What is a Redemptive Historical Understanding of the Bible?

What is a Redemptive Historical Understanding of the Bible?

What is a Redemptive Historical Understanding of the Bible? Answered by Jon Moffitt

 



 

 

What is the redemptive-historical understanding of the Bible? It is the way we interpret God's word - how it flows and what its overarching purpose is.

 If you start in Genesis 3:15, you have the fall. Adam and Eve have tried to be like God. What is the first promise that is given to them? That glorious promise is the introduction to the gospel. It is what we call the first gospel - that God is going to provide a seed through Eve, and he's going to come and crush the head of Satan while his heel will be bruised.

What is being said there is that he is going to take on the punishment and make right what Adam and Eve had made wrong. The Bible, from that moment forward, is the fulfillment of this promise. It is clarified as we learn that it is through Abraham that all the nations will be blessed, and then it is through Abraham, Isaac, and Jacob. Then we have the mosaic law that is given as a further explanation of our need for the gospel. We learn that the fulfillment will come through David, but we see it is Jesus Christ who ends up fulfilling the mosaic law, or obeying it.

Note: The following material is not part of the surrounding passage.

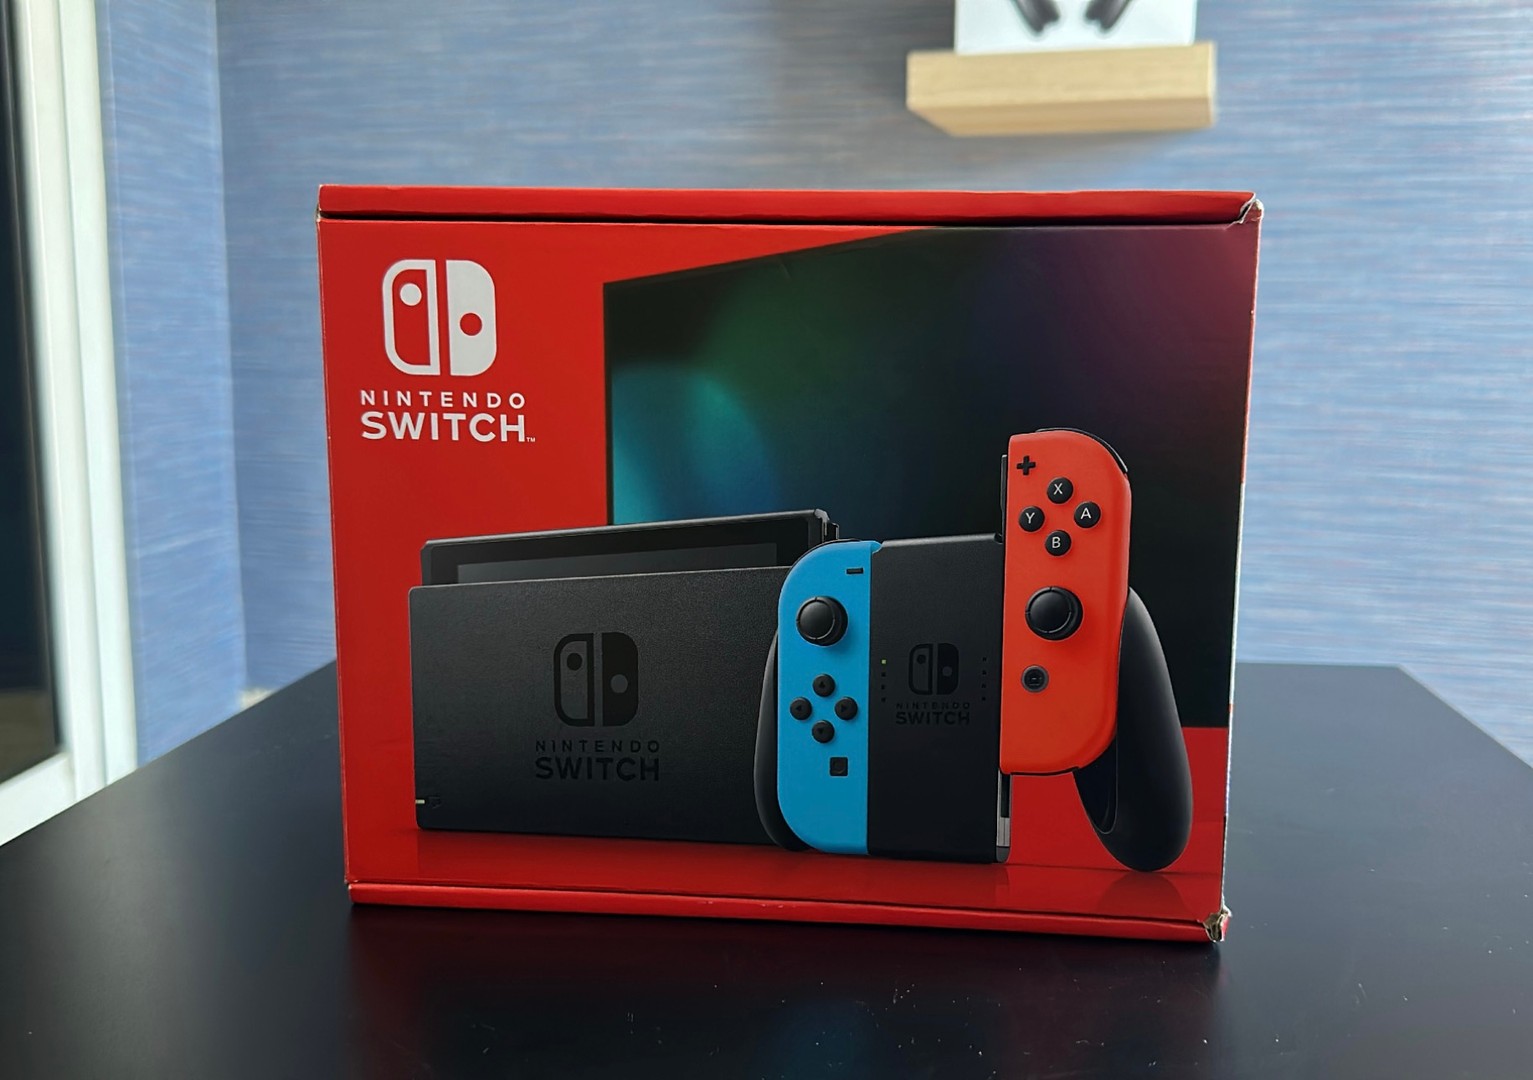 Vendo Consola Nintendo Switch Version Mejorada Nuevos Sellados, RD$ 16,500 NEG
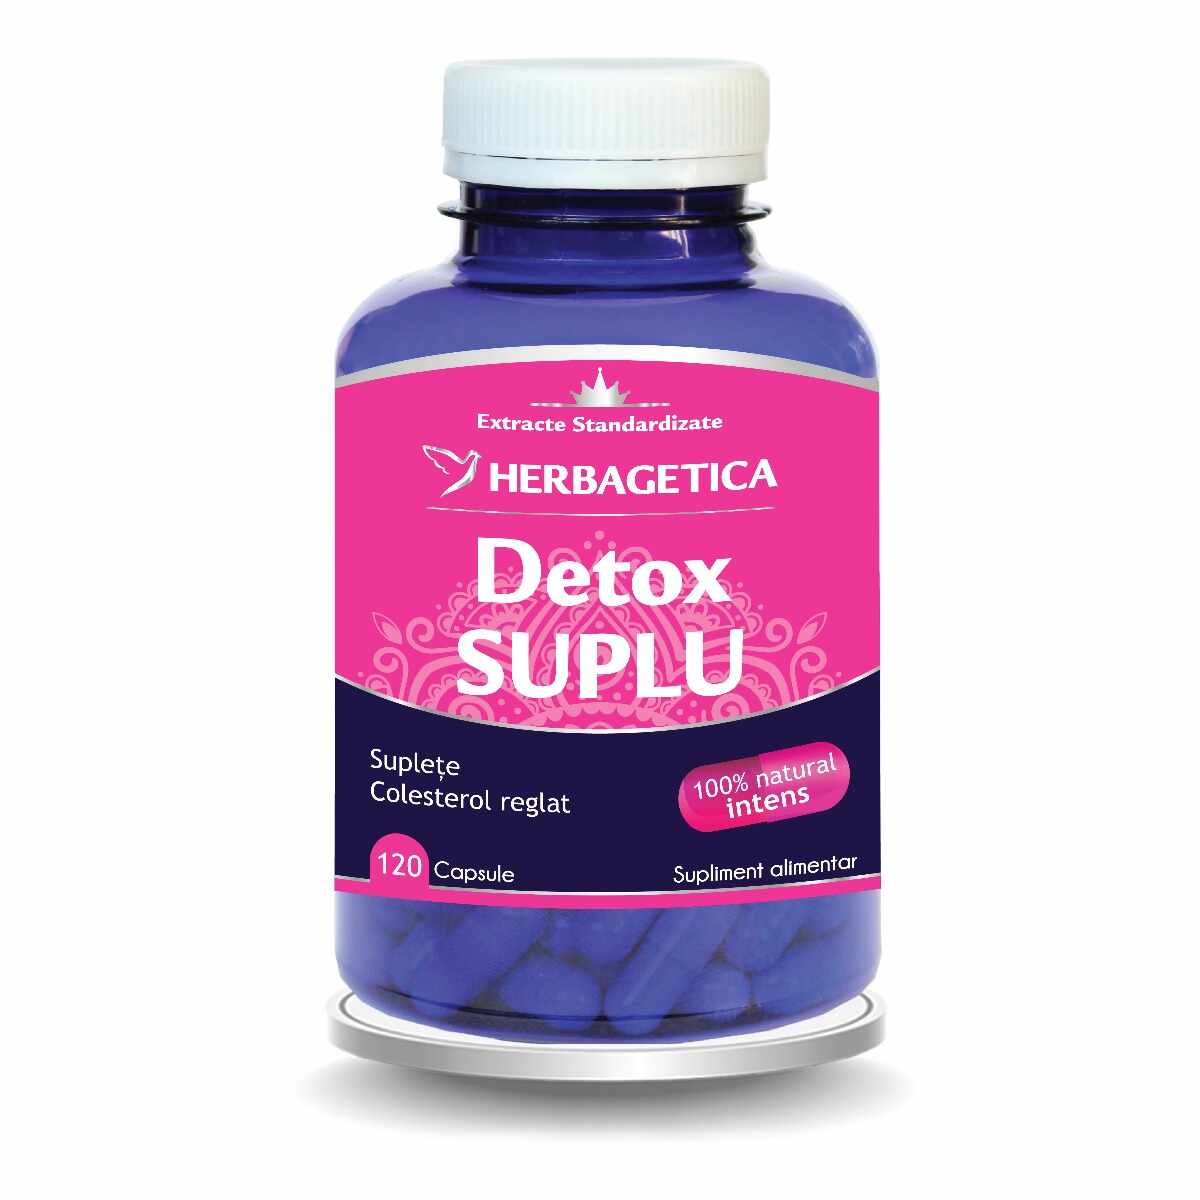 Detox Suplu, 120 capsule, Herbagetica

That fulfillment shows us who the Messiah is. As we continue to walk through scripture, we see the unfolding plan of redemption. God promised to Adam and Eve that he would redeem them, and it's clarified through every chapter of God's word through history. We read the history of the nation of Israel. We read the history of God interacting with humanity. As we do, we see that it's a redemption unfolding through history; hence, the redemptive-historical understanding of God's word.

As you read every section of your Bible, it is not disconnected from the main theme and purpose of God's word. Often, we disconnect what's going on and individualize books. We read the story of Daniel, or we read the story of David, or Nehemiah, and we try to learn how we should live a better life, or how we should interact with God. But those stories are not disconnected from what God is doing. Those stories are a part of the main theme, which is redemption.

God is fulfilling his plan as it unfolds through Adam and Eve and through Abraham and through the people of Israel and through the kingdom of David, and it keeps unfolding until you get to Matthew. You cannot disconnect these stories, including Proverbs, or Song of Solomon, or Ruth. All of these are still within the greater narrative of redemption. So, as we are interpreting them, and as we're reading them, we have to see that each book is pushing along God's promise to his people - that he is going to redeem them through Jesus Christ. Once we get to the New Testament, it becomes clear: we see a redeemed people who are now living in this new covenant reality of being in union with Jesus Christ, and then the full culmination of redemption where God is restoring all things. As we get to the end of Revelation, we see that what we lost in the garden, God is going to restore to us. He is not only redeeming people, but he's also redeeming creation back to its original intention, where we can live with God in peace and harmony.

The story of the Bible is to be read with what we would say is a redemptive, historical understanding. This is what we would also call a confessional, reformed understanding - this isn't new to Theocast. It is a very historic, old understanding of scripture: where God unfolds, through redemption, these covenants through history. As we read about each covenant, we can see that God is progressing the redemption of his people through these covenants in the unfolding of history. Hopefully, this is helpful for you.